A picture of the current 3D display. A bare chassis supports a blurred spinning led panel. On the base is a small circular lcd displaying a polar plot of acceleration - a blobby red lobed shape, a blue circle, and a green line pointing in the blobbiest, lobiest direction.
James Brown replied to James

2D video of 3D projection of 4D object.

James Brown replied to James

There’s a fair bit of planning involved in finding the true centre and height of these domes. When I come to make the cut it feels like cleaving the Cullinan diamond.

A transparent plastic dome with a Dremel mounted to it in a 3D printed jig.
James Brown replied to James

With the previous dome the cut had a somewhat hand made look to it, so I printed a thin piece of trim to slip over the edge and keep it neat. It was too big for the printer so I used TPU, printing it in a spiral and flexing it back in to the right diameter. An unexpected benefit was that it was way quieter with that isolating the dome from the base.
This time the cut went better, but I’m still going to give it a gasket for that reason.
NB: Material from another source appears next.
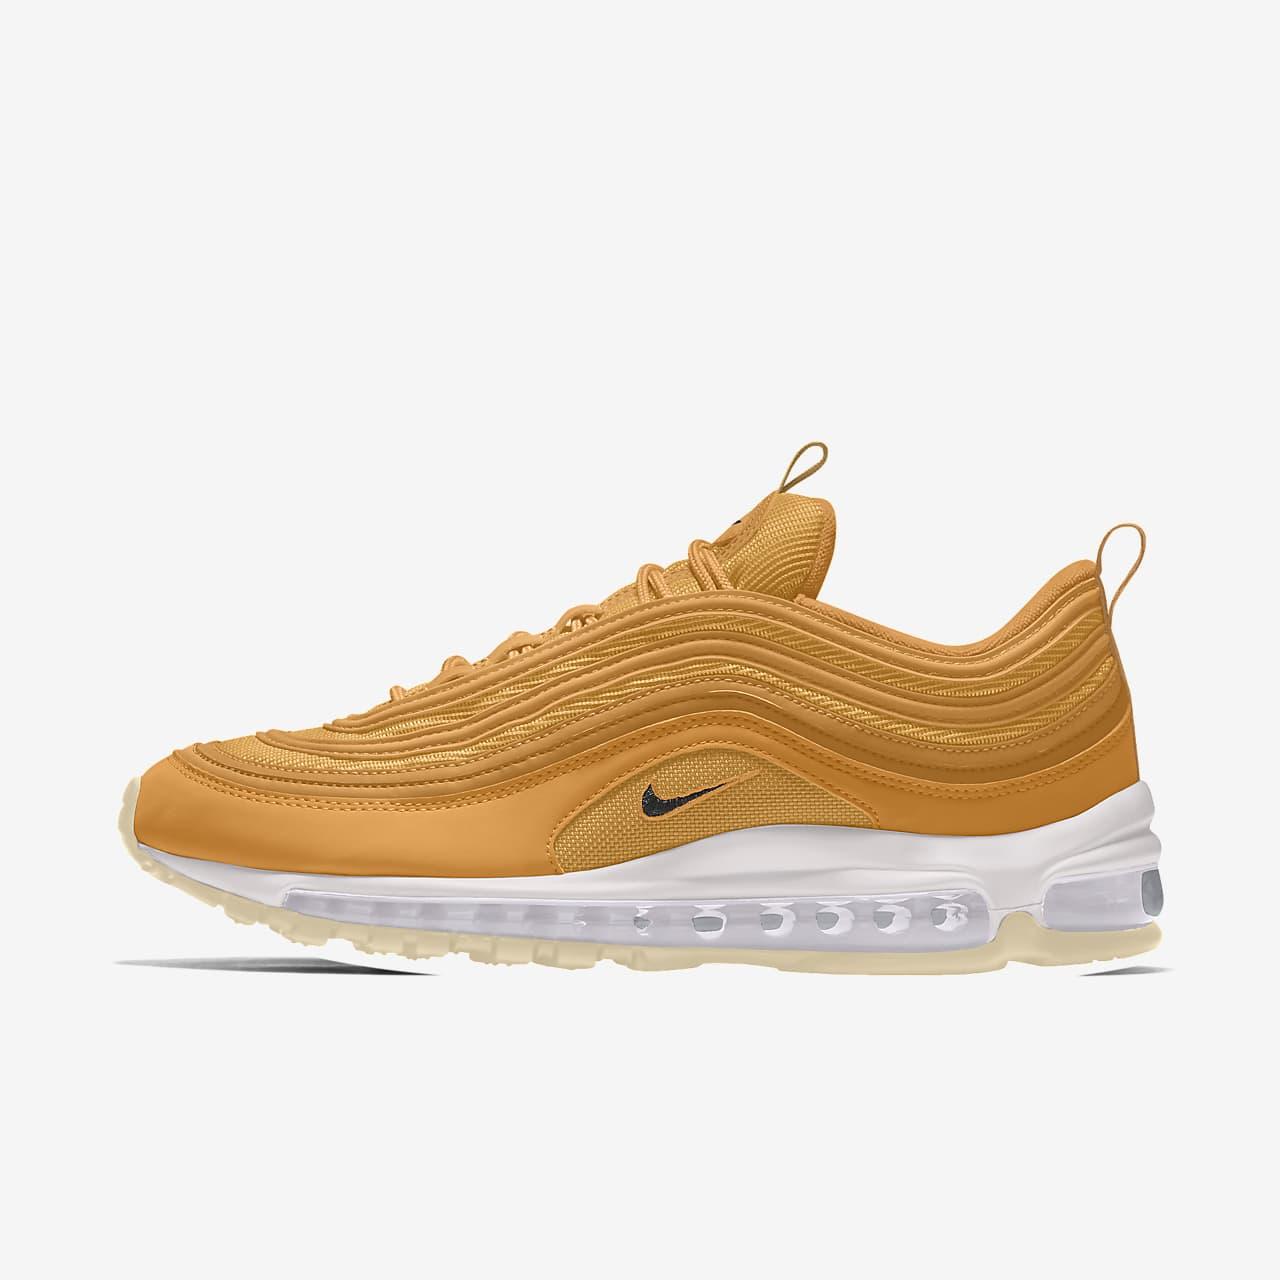 Specialdesignad sko Nike Air Max 97 By You för kvinnor

A photo of a truncated dome sitting on a bench. Behind it is the chassis of the volumetric display that it will eventually be mounted on.
James Brown replied to James

25 fps. That's an actual frame rate.

James Brown replied to James

Taking it all apart so I can film myself making it.

The core of my volumetric display - a black half-cylinder containing a Pi and associated electronics, some carbon fibre rods, and a ludicrously oversized bearing.
James Brown replied to James

Now thinking I should have filmed the tool I made to press all the clips on this IEC socket so I could get it out of the housing in order to film the satisfying click it makes when it goes in.

A clip-in power socket sitting slightly out of its housing.
James Brown replied to James

Easier to see the 3D when it's only the camera that's moving.

James Brown replied to James

Yet another round of finding new places to hang counterweights, and I’ve hit 900rpm - 30fps. Amazing to scroll back to the start of this thread and see me wonder if I could get some sort of rudimentary depth effect going.

A volumetric display sitting on a desk. A plastic bubble contains the floating image of a Smart Car. It’s supported by a green plastic stand with a single dial on the front reading “30”.
James Brown replied to James

youtube.com/watch?v=ydk3BhlUWYE I've been working more on capturing footage. Hand held camera movement is still a mess, but putting the content into rotisserie mode helps sell the 3D with a static camera.

James Brown replied to James

What this thing needed was another source of barely recognisable low res flickery points of light.